Autant de questions et certainement beaucoup d’autres pour lesquelles
il semble judicieux de solliciter l’éclairage des sciences
expérimentales et qu’il paraît légitime de soumettre à la réflexion
linguistique, philosophique et musicologique, à l’intelligence
artificielle et à la modélisation informatique.

Presentation

Expressivity and emotions in Speech and Music

Microgenesis and semiotics of perceptual process

A perceptual process must be considered both as a holistic fact that
is attached to immediate experience and as a microgenetic one in terms
of differentiation and development. In other words, any perceptual
experience, even within the limits of the present moment, follows its
own course of development. This applies to the perception of
expressive phenomena of verbal and non-verbal nature, but also to that
of more complex events in which the verbal and the non-verbal elements
tend to interact. The workshop, based on the microgenetic perspective,
conclude a series of scientific events concerning expressivity in
speech and music. In this context, the workshop tends to convey a
multidisciplanary dialogue between linguistics, computer models,
neurosciences, psychology and philosophy.

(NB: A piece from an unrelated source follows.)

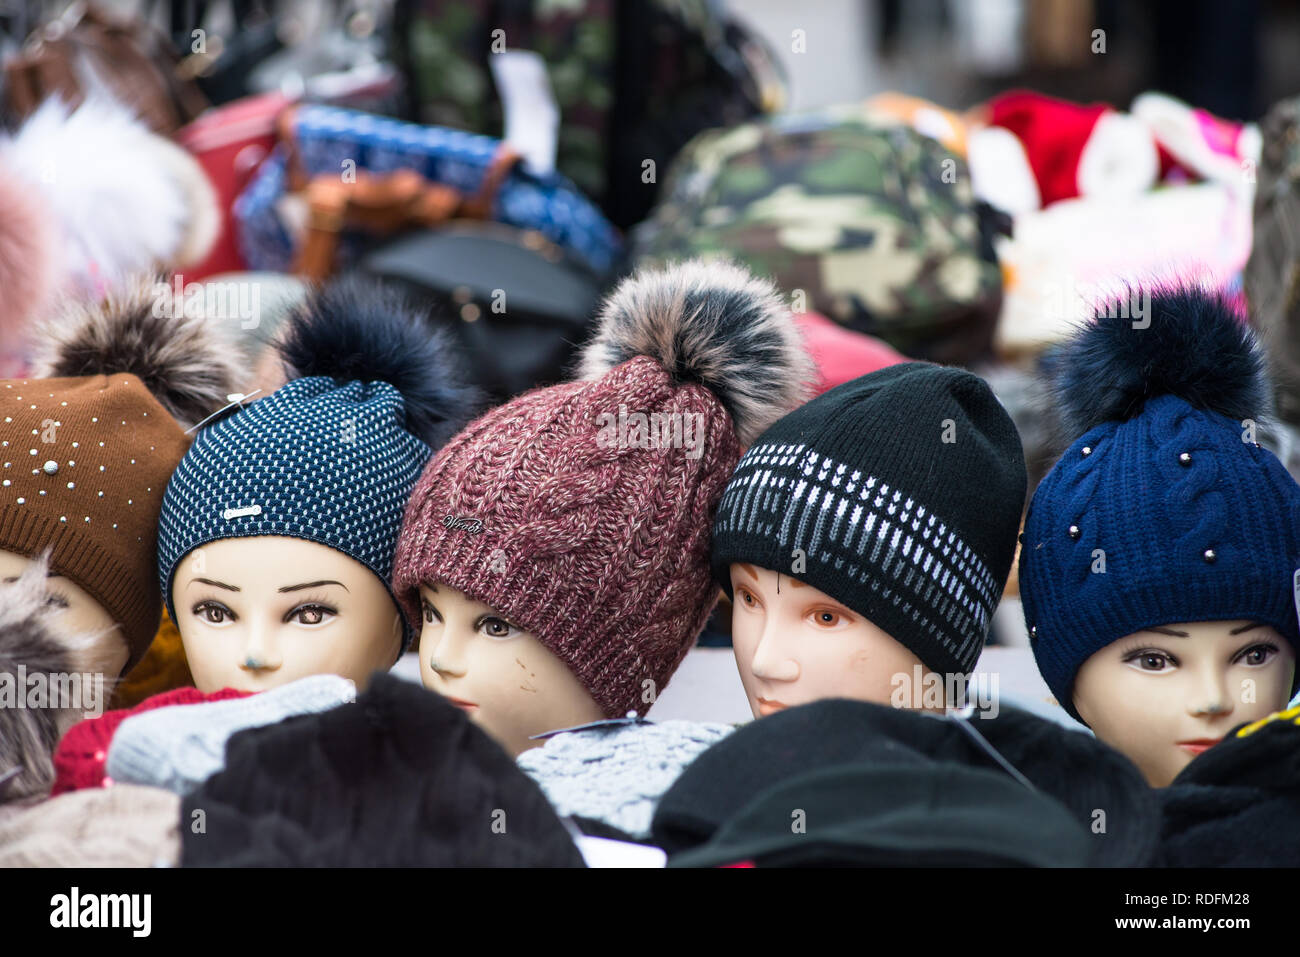 Testa di modelle con berretti di lana a Vienna Naschmarkt Linke Wienzeile mercato delle pulci Mercato antiquario. Austria. Foto Stock
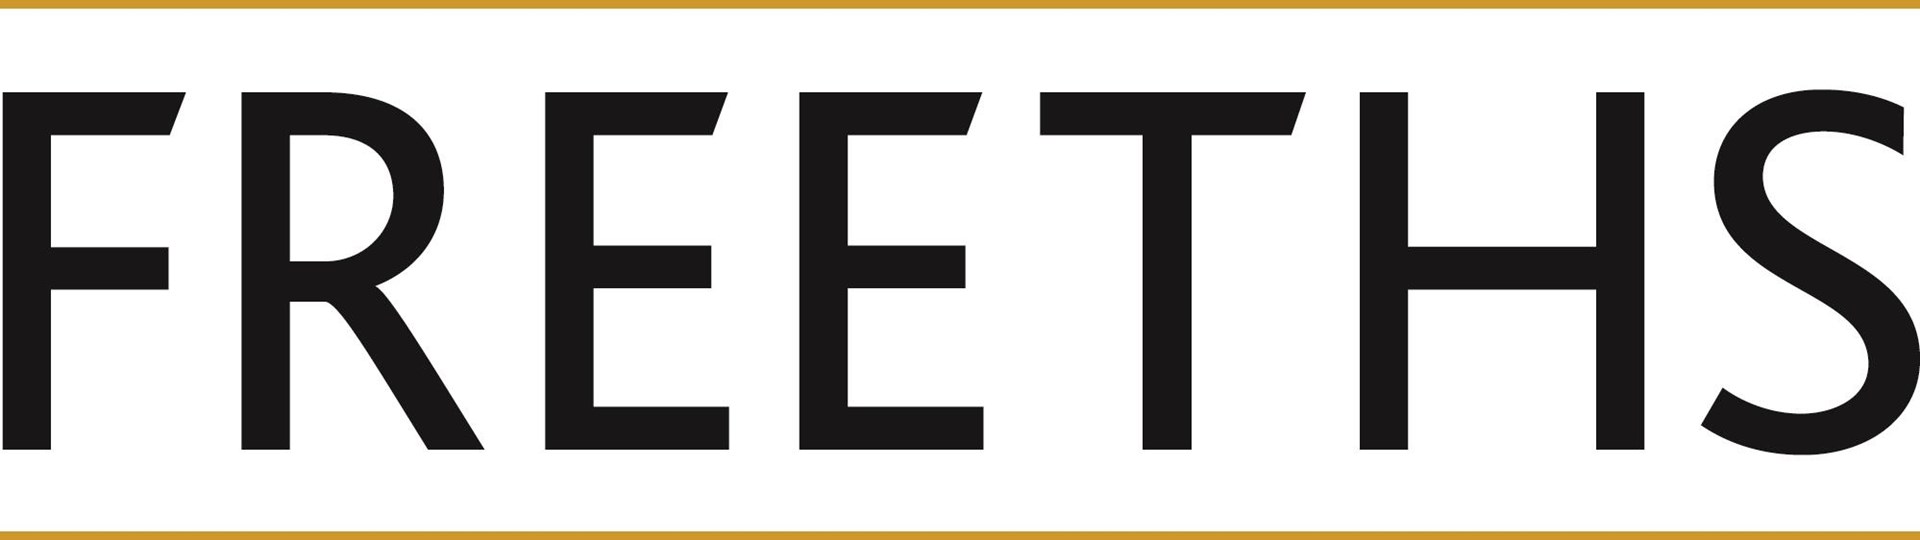 freeths-logo

The goal of the event is to present the methods and the concepts of
each discipline so as to fathom the contributions from those various
domains and coordinate the respective expertise in order to improve
each knowledge in the domain of the perception of expressive facts in
spoken and musical language.

Which methods can be implemented in each of those disciplinary fields
(neuroscience, signal processing and phonetics, semiotics, musical
composition, musicology), and in the corresponding domains (machine
learning of semiotic patterns, models of structures and systems,
situated cognition) to understand the cognitive strategies involved in
the differentiation and construction of forms in spite of the
immediacy of the perceivable facts?

What can we say about the semiotic content of those forms and their
temporal organization? How does meaning emerge in speech and music?
Are forms first and foremost empty shells or do they have any semantic
content in the first place? In this semiotic treatment what belongs to
denotation on the one side, to metaphor and a fictional object on the
other, constructed against the background of its own cultural
landmarks? How should this problem be tackled in a contrastive
perspective: spoken language vs musical language?  For example, what
is the role of memory in the processes considered; to what extent
could the memorial mechanisms that are associated with verbal and
non-verbal stimuli also account for the semiotic and emotional
treatments?

To answer all these questions, along with many others, the contribution of
experimentaal sciences is needed, and it seems legitimate to submit them to
the reflections of the linguist, the philosopher, the musicologist, the
artificial intelligence and computer sciences.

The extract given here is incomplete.